ContractsProf Blog

Editor: Jeremy Telman
Oklahoma City University
School of Law

Tuesday, February 2, 2010

Conair to Plaintiff: "Dude, Get a Gmail Account"

Mozilla_thunderbird_empty_screenshot Last week, the Times of Trenton reported on Canella v. Conair Corp., a decision handed down by the Superior Court of New Jersey, Appellate Division, last Christmas Eve. The Times of Trenton article focuses on the fact that Canella was fired for abuse of company e-mail.  It's not as if plaintiff was running a smuggling ring from her desktop.  The "abuse" apparently consisted of correspondence with a former employee of the same company, and so the article serves as a warning to unsuspecting employees that they ought to be more mindful of their use of work e-mail for non-work purposes.

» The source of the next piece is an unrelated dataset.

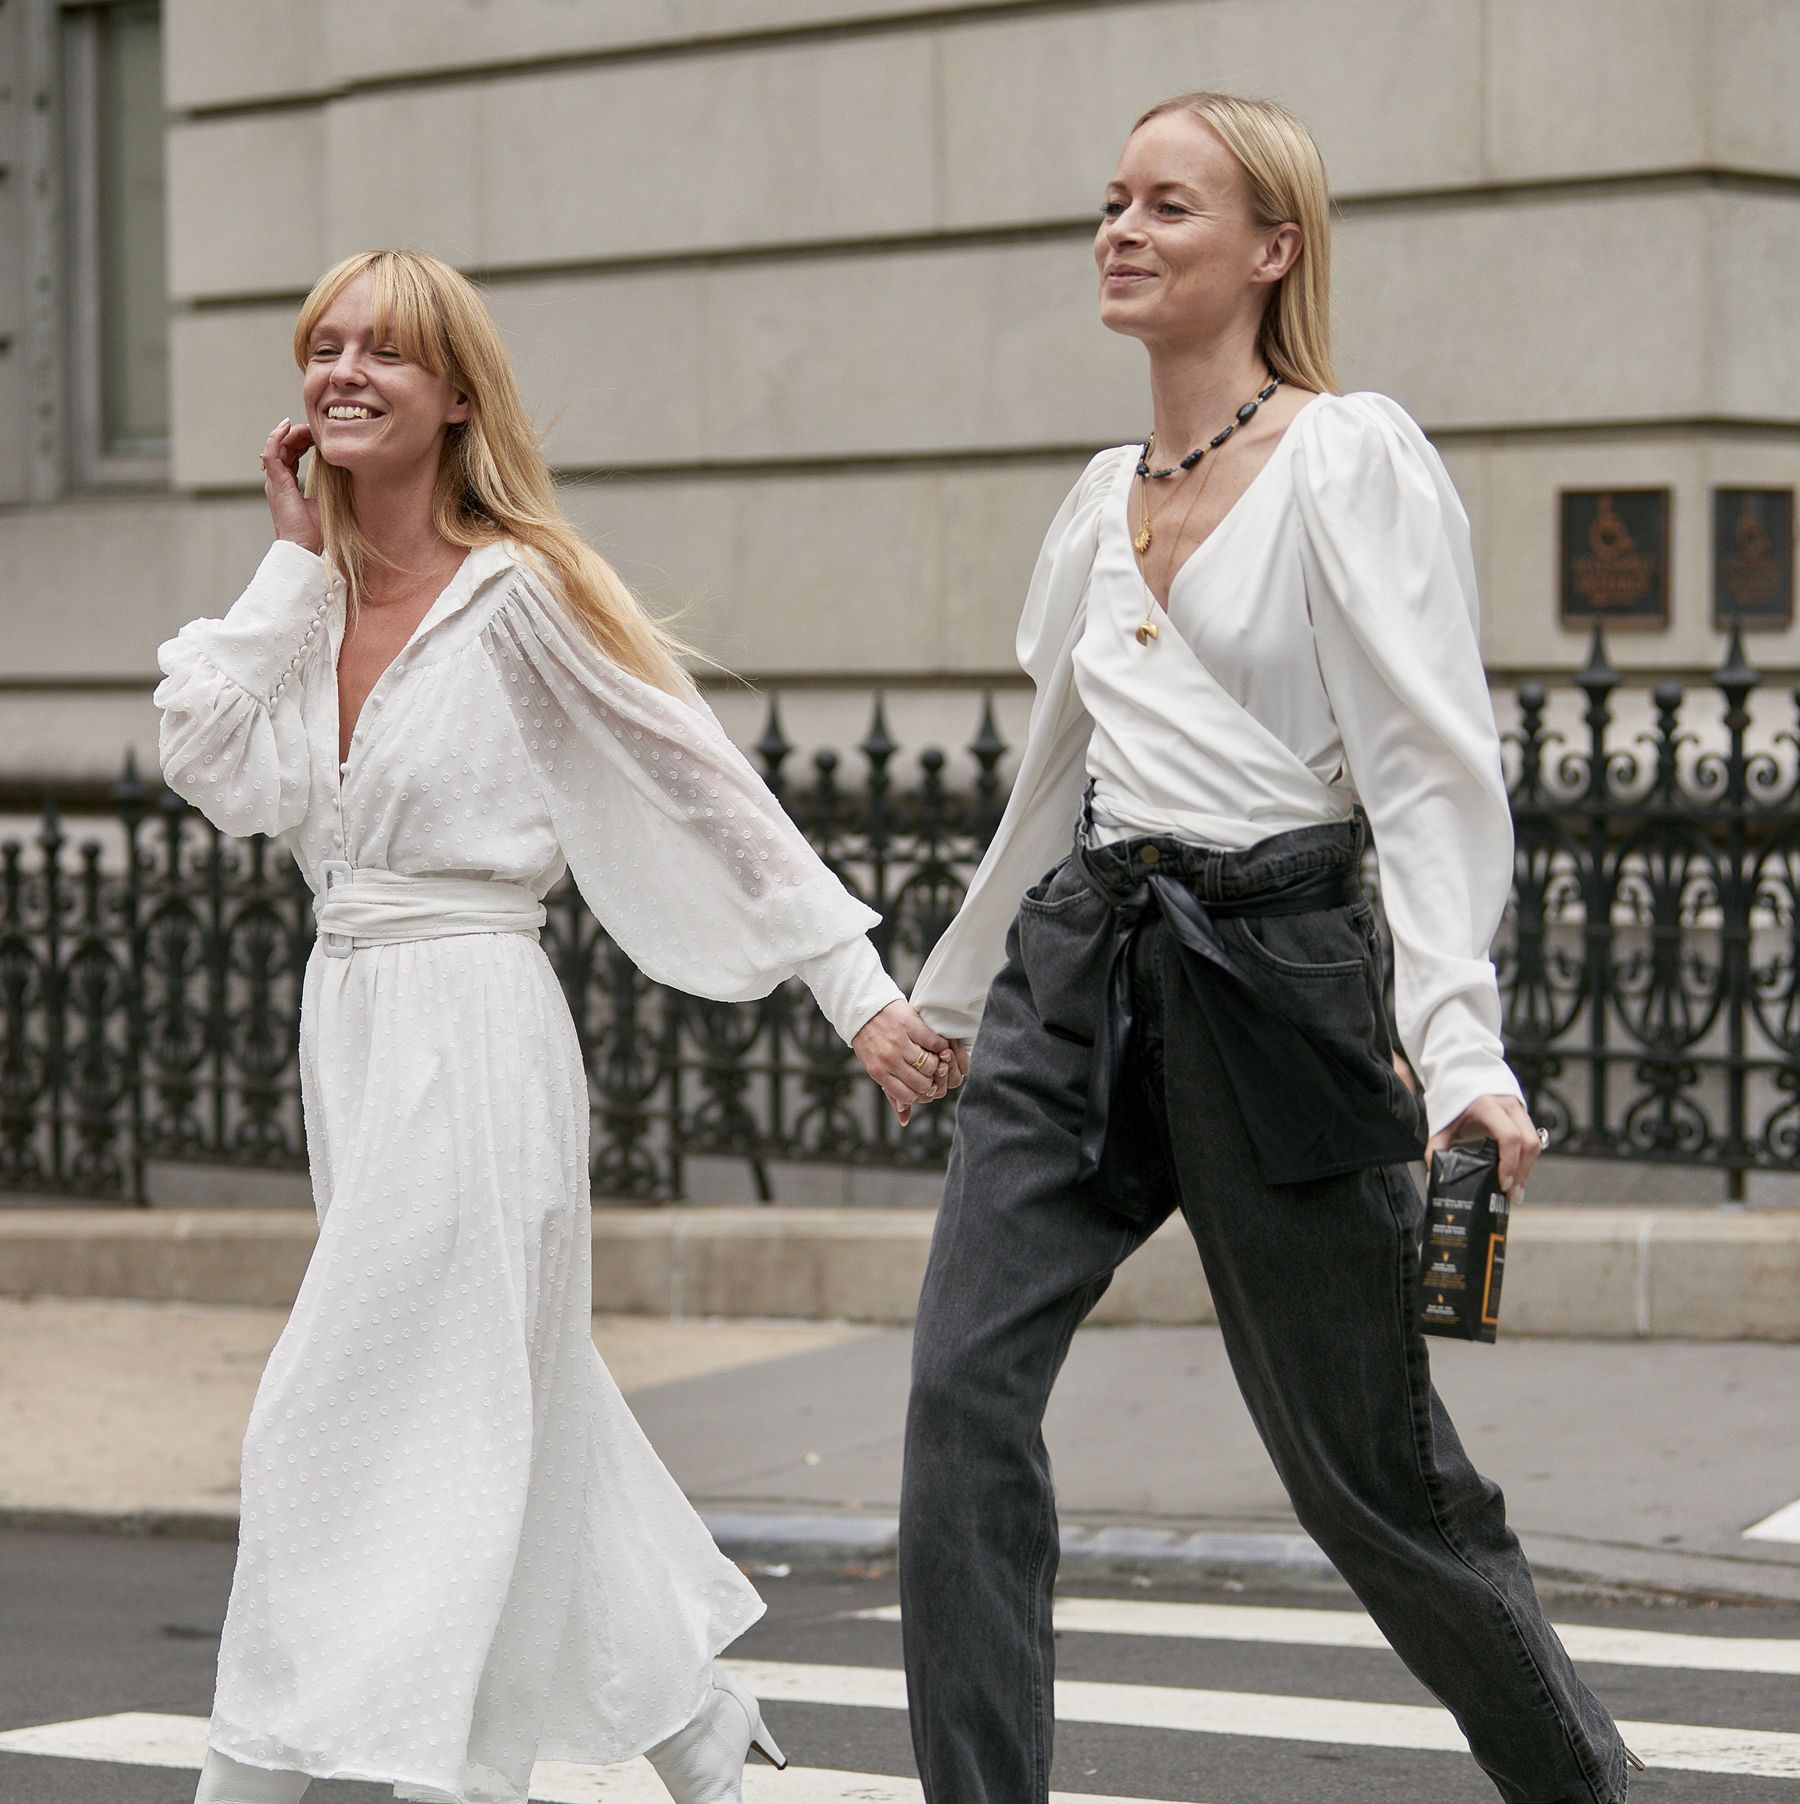 La ropa de Zara de nueva temporada en Nueva York-Looks de Zara

I was surprised that Canella's conduct led to her termination, so I looked up the case to see if there was something more going on.  The full opinion can be found here.  I was immediately struck by the fact that Canella was fired nearly ten years ago.  The court found that she was an at-will employee and that she had knowingly engaged in violations of the firm's employee handbook and so could have been terminated lawfully even if she were not at-will.  So, why did it take ten years to sort this out?

The opinion is not quite so opaque as the Times of Trenton article but it too is not crystal clear.  It seems that Canella's correspondence was with her ex-lover, who is also a woman.  In the e-mail that triggered her termination, Canella addressed her former partner as "one arrogant, cold, cruel bitch," which has a certain literary appeal to it.  Canella likely suspected that she was singled out not because she was carrying on a private correspondence on work e-mail (who hasn't done that?) but because she had been in a lesbian relationship with a co-worker.  The opinion indicates that her complaint originally included a dscrimination claim but that claim was time-barred.  She was left with a very weak argument that Conair violated a clear public policy mandate by failing to insure the safety of employees in the workplace.  The court had no trouble dismissing that claim.